Problem description: Your output should be the lines of the entries below, exactly, from the first one through the line that holds "Ein Paar Stühle".

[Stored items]
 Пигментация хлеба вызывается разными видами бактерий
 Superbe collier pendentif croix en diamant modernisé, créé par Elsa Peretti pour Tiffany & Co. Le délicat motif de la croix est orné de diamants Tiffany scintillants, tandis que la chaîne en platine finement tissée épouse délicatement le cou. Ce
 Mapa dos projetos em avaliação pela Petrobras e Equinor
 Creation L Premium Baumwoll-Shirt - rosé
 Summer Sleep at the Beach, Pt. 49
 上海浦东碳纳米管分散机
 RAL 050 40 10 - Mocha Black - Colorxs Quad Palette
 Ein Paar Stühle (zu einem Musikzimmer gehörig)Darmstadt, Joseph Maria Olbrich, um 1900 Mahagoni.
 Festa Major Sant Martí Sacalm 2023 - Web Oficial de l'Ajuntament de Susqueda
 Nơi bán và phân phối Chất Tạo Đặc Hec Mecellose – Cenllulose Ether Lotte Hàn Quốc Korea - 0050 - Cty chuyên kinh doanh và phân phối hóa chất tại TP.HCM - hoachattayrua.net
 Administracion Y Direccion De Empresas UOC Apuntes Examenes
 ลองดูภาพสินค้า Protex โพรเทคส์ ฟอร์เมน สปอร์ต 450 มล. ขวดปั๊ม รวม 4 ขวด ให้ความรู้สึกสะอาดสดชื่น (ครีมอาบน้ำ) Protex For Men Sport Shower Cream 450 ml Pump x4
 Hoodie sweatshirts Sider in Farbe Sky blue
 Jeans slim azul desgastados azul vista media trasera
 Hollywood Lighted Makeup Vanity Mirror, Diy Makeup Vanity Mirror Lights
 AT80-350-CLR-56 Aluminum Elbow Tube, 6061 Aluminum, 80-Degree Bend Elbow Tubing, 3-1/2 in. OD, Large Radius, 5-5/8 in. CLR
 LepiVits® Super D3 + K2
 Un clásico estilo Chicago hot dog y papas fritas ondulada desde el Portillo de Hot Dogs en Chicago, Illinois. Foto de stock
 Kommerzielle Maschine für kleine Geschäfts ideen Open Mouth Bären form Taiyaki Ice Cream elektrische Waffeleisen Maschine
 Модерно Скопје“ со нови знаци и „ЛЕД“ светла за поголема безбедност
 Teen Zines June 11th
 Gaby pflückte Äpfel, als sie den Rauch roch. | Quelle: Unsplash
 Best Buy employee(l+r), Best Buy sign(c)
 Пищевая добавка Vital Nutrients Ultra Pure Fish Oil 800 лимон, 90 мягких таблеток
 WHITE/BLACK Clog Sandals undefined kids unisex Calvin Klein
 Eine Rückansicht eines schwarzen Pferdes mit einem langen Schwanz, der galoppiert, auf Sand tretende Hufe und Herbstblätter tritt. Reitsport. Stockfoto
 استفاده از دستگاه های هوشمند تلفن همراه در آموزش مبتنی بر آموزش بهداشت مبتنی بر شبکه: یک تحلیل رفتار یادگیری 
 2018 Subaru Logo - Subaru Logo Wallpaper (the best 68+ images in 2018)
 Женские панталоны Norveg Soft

Answer to this task:
 Пигментация хлеба вызывается разными видами бактерий
 Superbe collier pendentif croix en diamant modernisé, créé par Elsa Peretti pour Tiffany & Co. Le délicat motif de la croix est orné de diamants Tiffany scintillants, tandis que la chaîne en platine finement tissée épouse délicatement le cou. Ce
 Mapa dos projetos em avaliação pela Petrobras e Equinor
 Creation L Premium Baumwoll-Shirt - rosé
 Summer Sleep at the Beach, Pt. 49
 上海浦东碳纳米管分散机
 RAL 050 40 10 - Mocha Black - Colorxs Quad Palette
 Ein Paar Stühle (zu einem Musikzimmer gehörig)Darmstadt, Joseph Maria Olbrich, um 1900 Mahagoni.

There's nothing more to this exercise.